* EXERCISE OBJECTIVE
Write the full listing out again, word for word, but omit the pictures.

* SOURCE MATERIAL
►
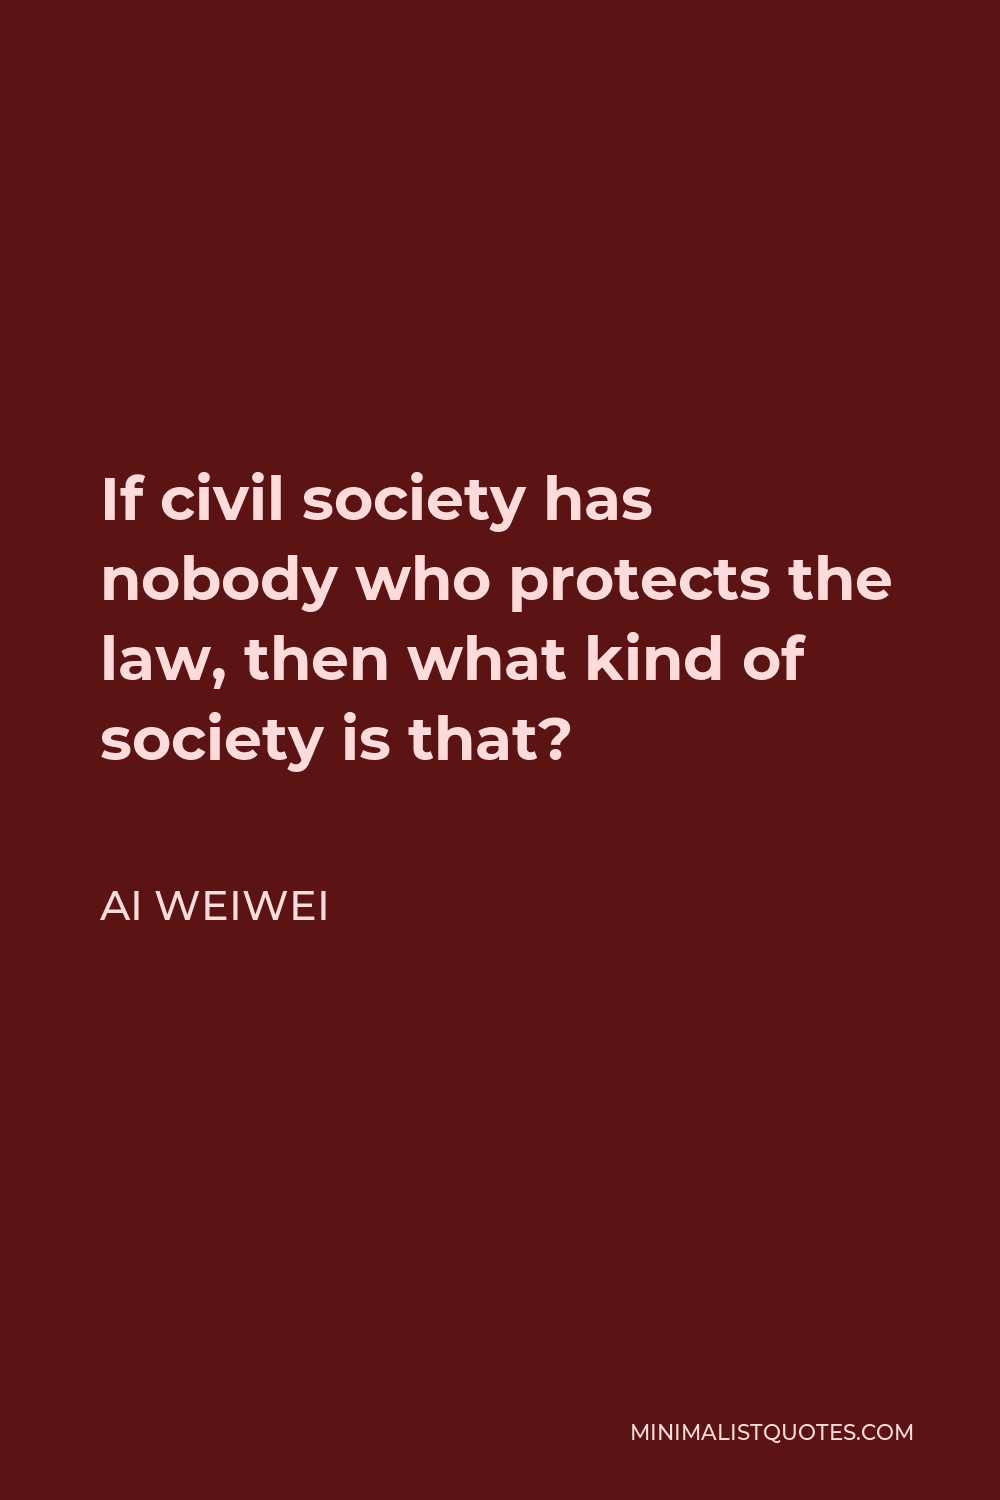 Ai Weiwei Quote - If civil society has nobody who protects the law, then what kind of society is that?
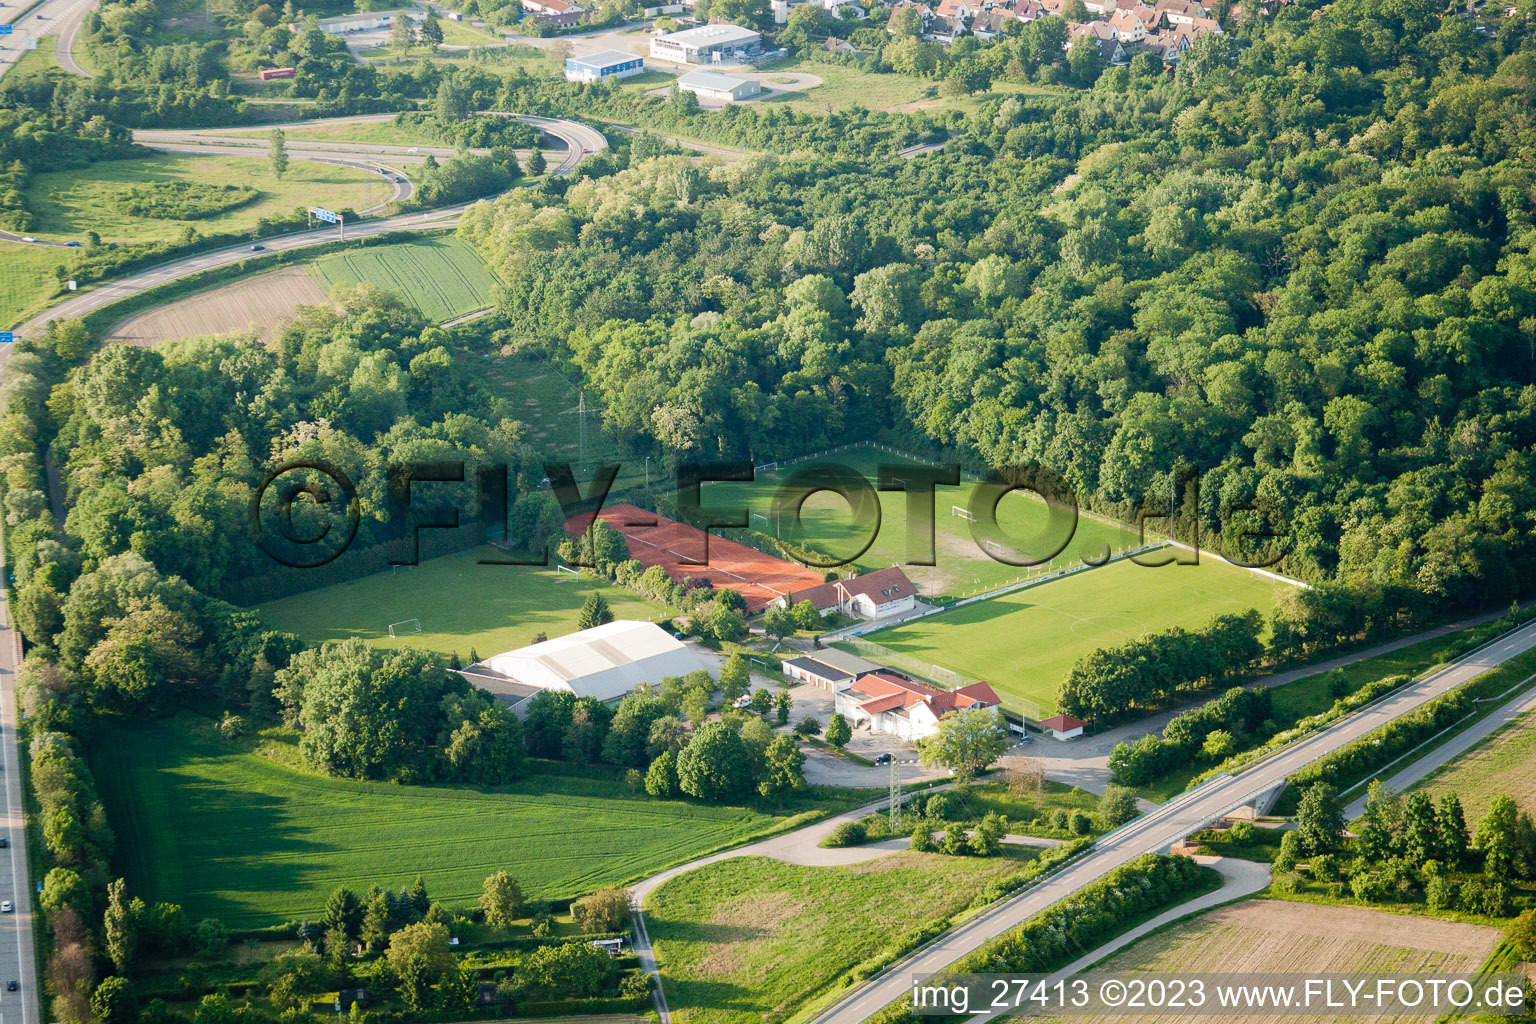 Aerial photograpy of Oberwald Stadium in the district Durlach in Karlsruhe in the state Baden-Wuerttemberg, Germany
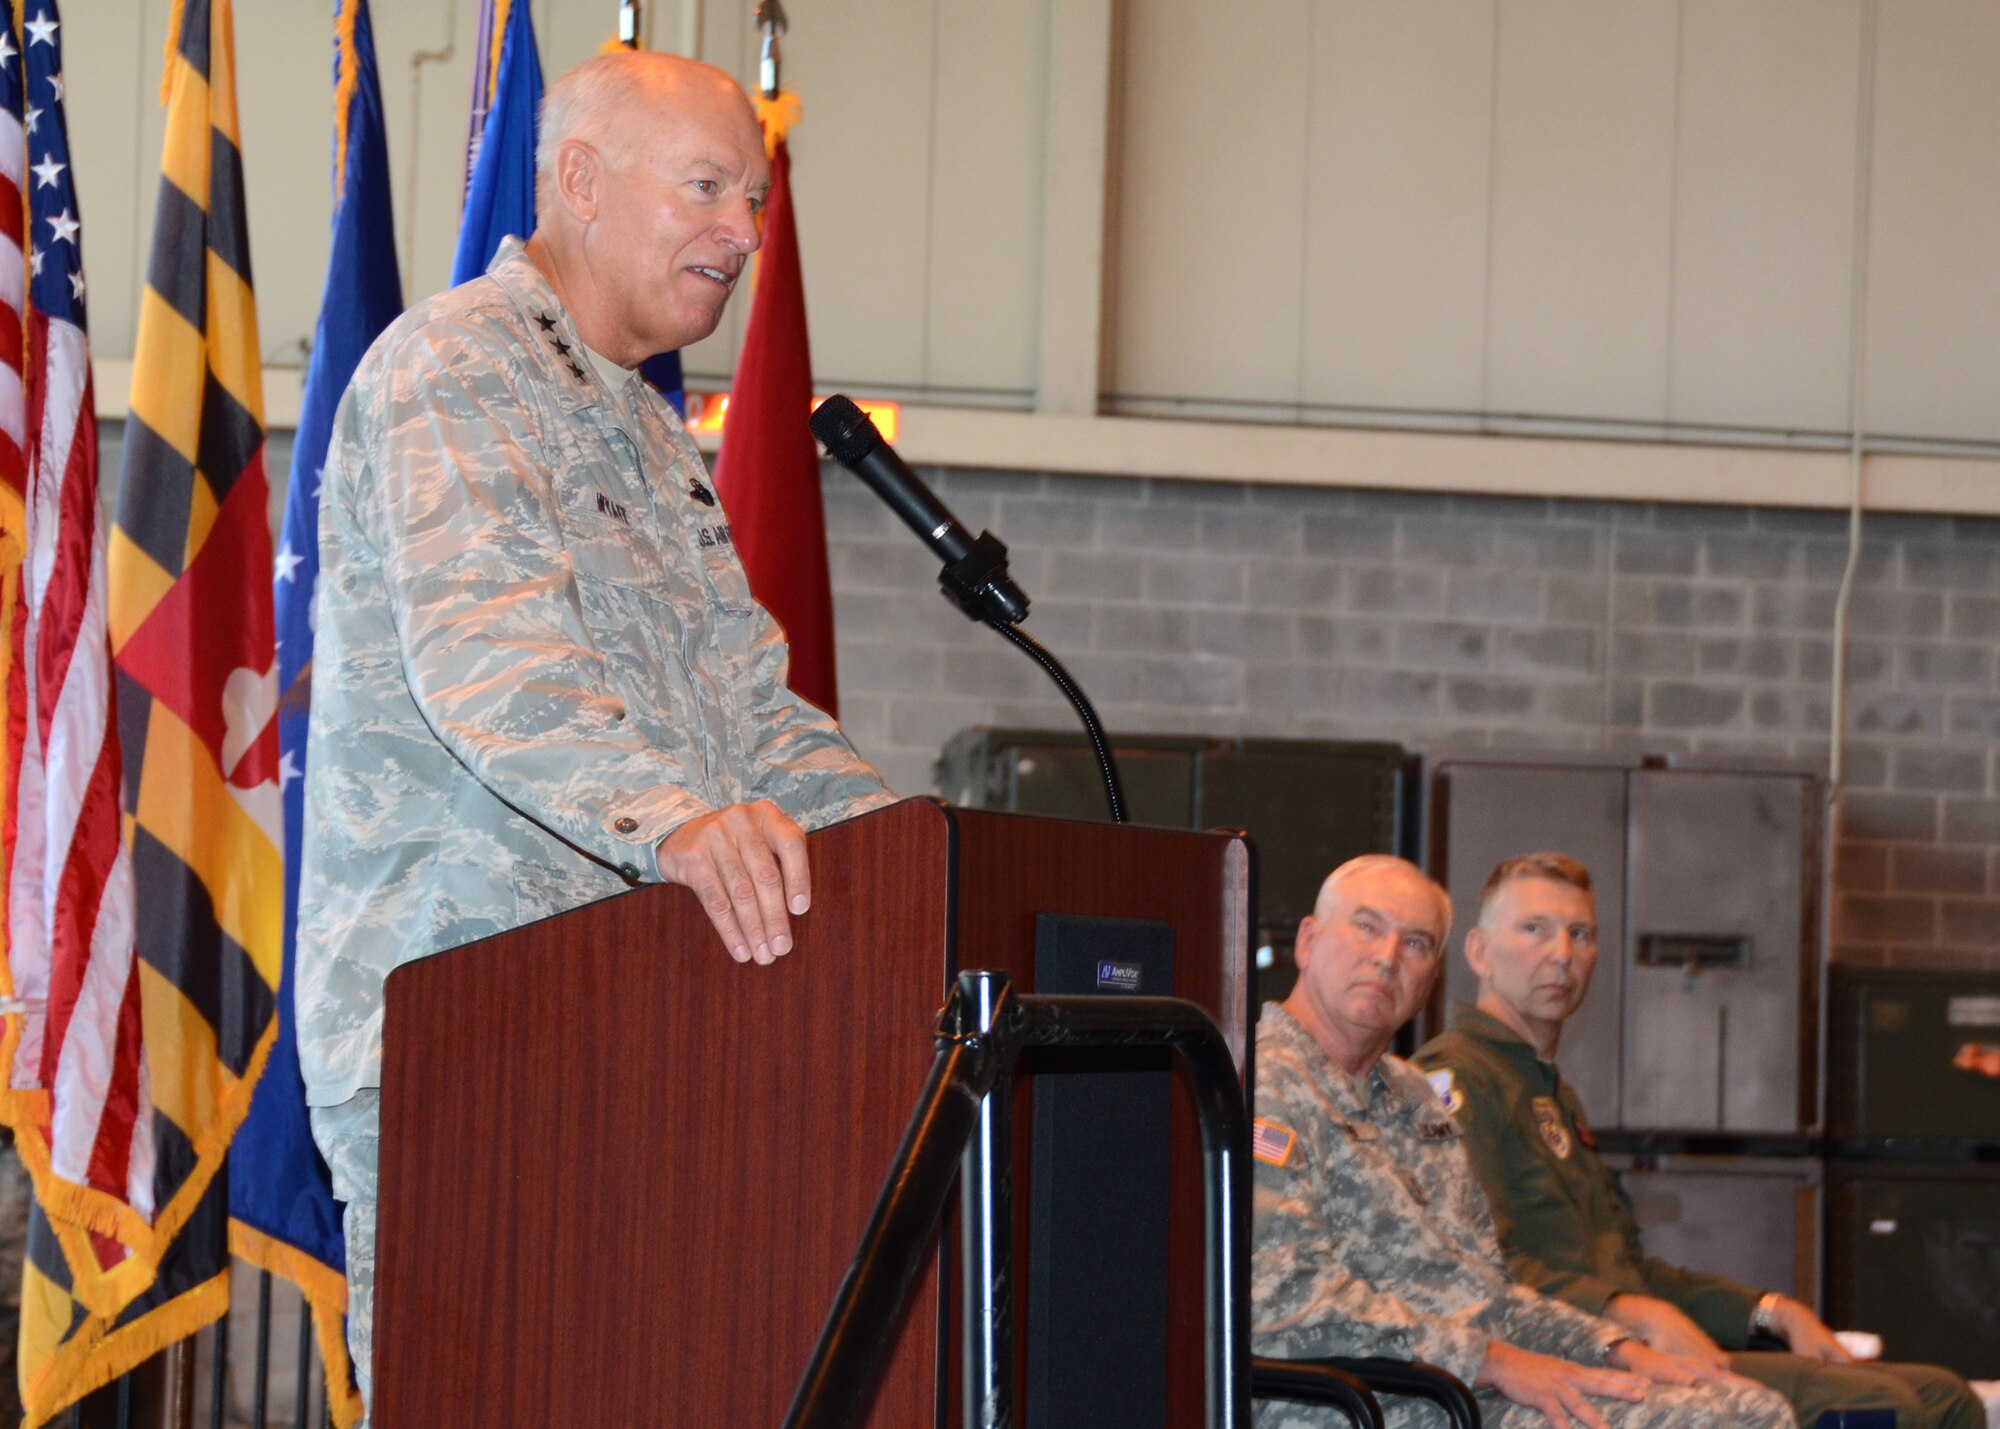 Lt. Gen. Harry M. Wyatt III, Director, Air National Guard, speaks during an arrival ceremony for the new C-27J Spartan, August 13, 2011 at Warfield Air National Guard Base, Baltimore, MD while (L-R) U.S. Army Maj. Gen.  James A. Atkins, Adjutant General and Col. Thomas E. Hans, commander 135th Airlift Group, watch.  The ceremony marks the transition to the C-27J Spartan from the C-130J Hercules, which the 175th Wing first dedicated in 1999.  (U.S. Air Force photo by Staff Sgt. Benjamin Hughes/RELEASED)
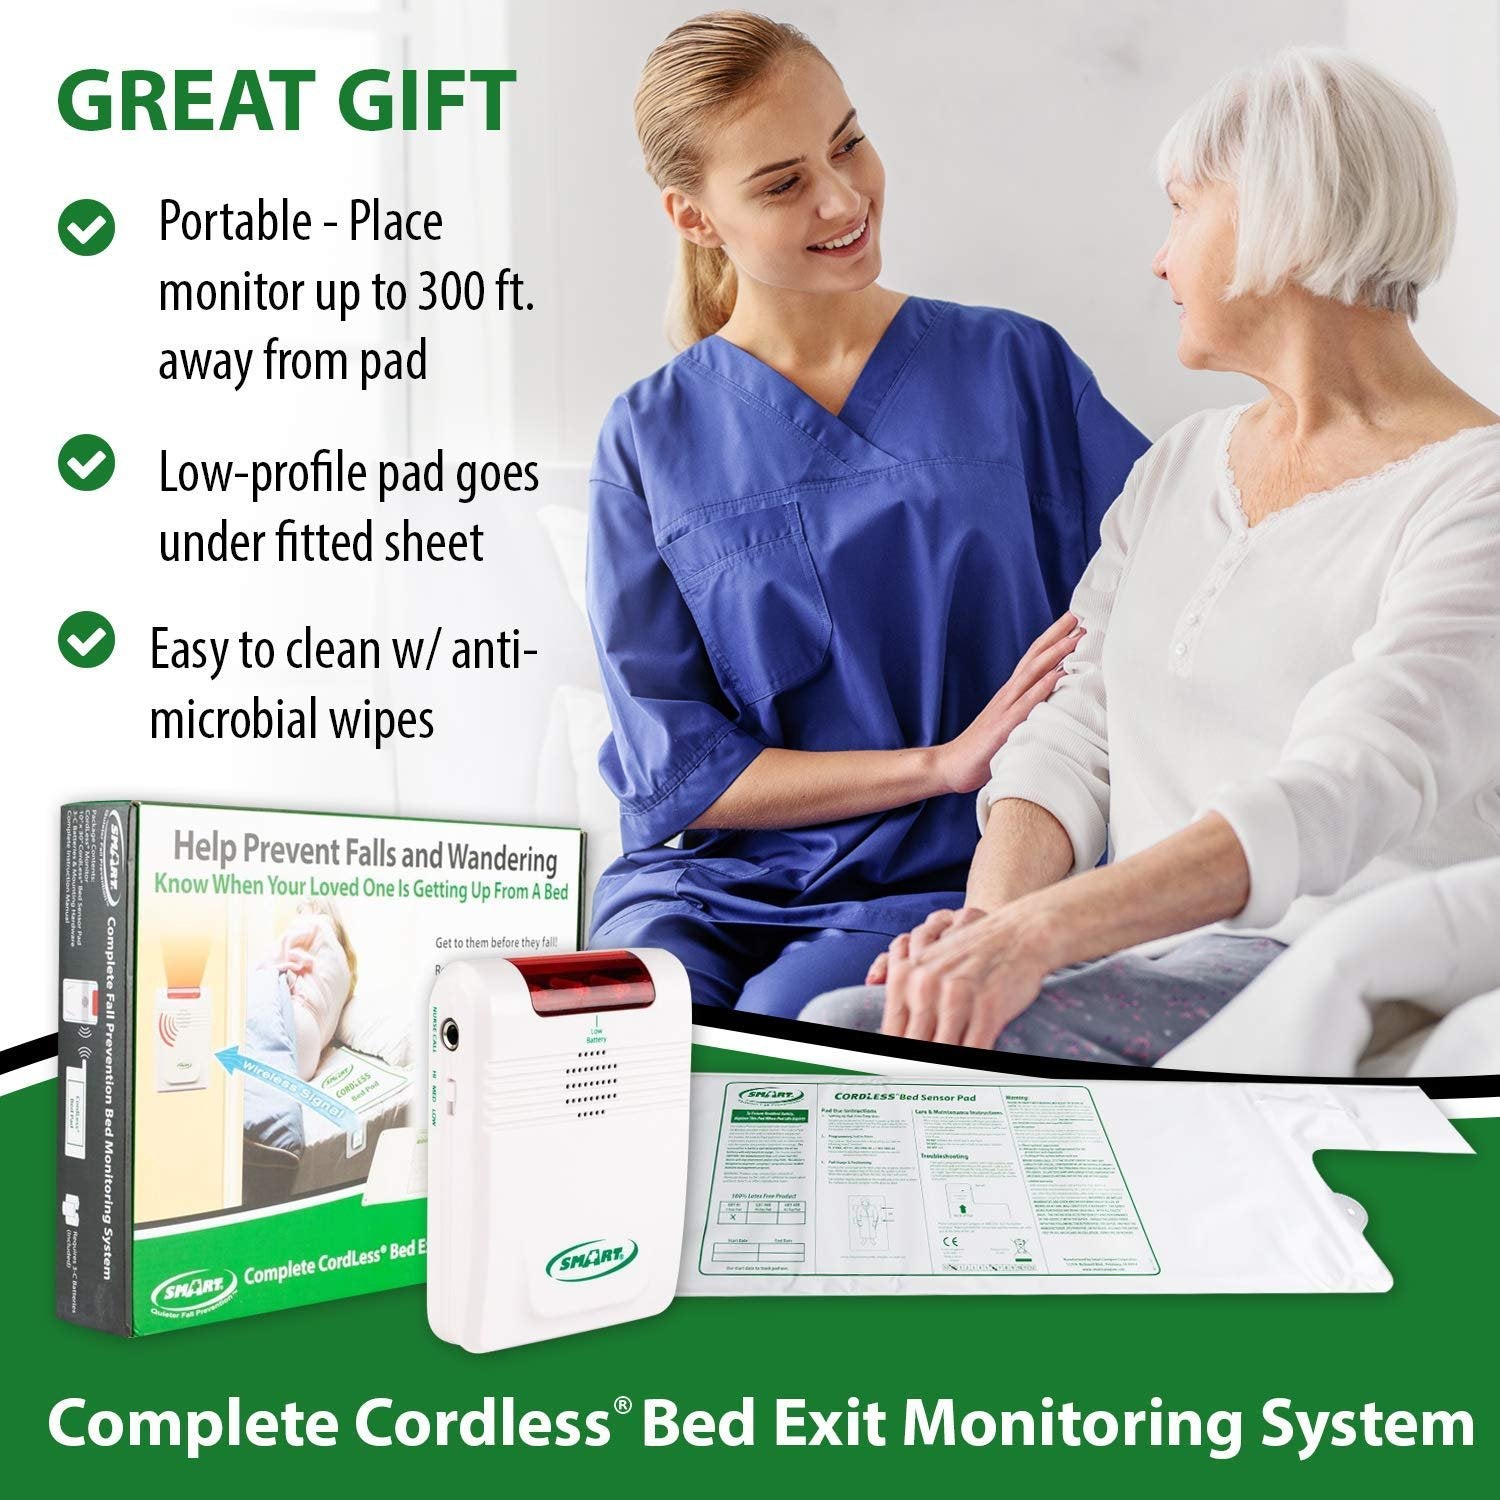 Smart Caregiver Corporation Cordless Bed Exit Monitoring System Alarm with Bed Pressure Sensing Pad - Help Prevent Falls and Wandering While Unattended
◄
* SOLUTION FOR THIS PROBLEM
 Ai Weiwei Quote - If civil society has nobody who protects the law, then what kind of society is that?
 Aerial photograpy of Oberwald Stadium in the district Durlach in Karlsruhe in the state Baden-Wuerttemberg, Germany
 Lt. Gen. Harry M. Wyatt III, Director, Air National Guard, speaks during an arrival ceremony for the new C-27J Spartan, August 13, 2011 at Warfield Air National Guard Base, Baltimore, MD while (L-R) U.S. Army Maj. Gen.  James A. Atkins, Adjutant General and Col. Thomas E. Hans, commander 135th Airlift Group, watch.  The ceremony marks the transition to the C-27J Spartan from the C-130J Hercules, which the 175th Wing first dedicated in 1999.  (U.S. Air Force photo by Staff Sgt. Benjamin Hughes/RELEASED)
 Smart Caregiver Corporation Cordless Bed Exit Monitoring System Alarm with Bed Pressure Sensing Pad - Help Prevent Falls and Wandering While Unattended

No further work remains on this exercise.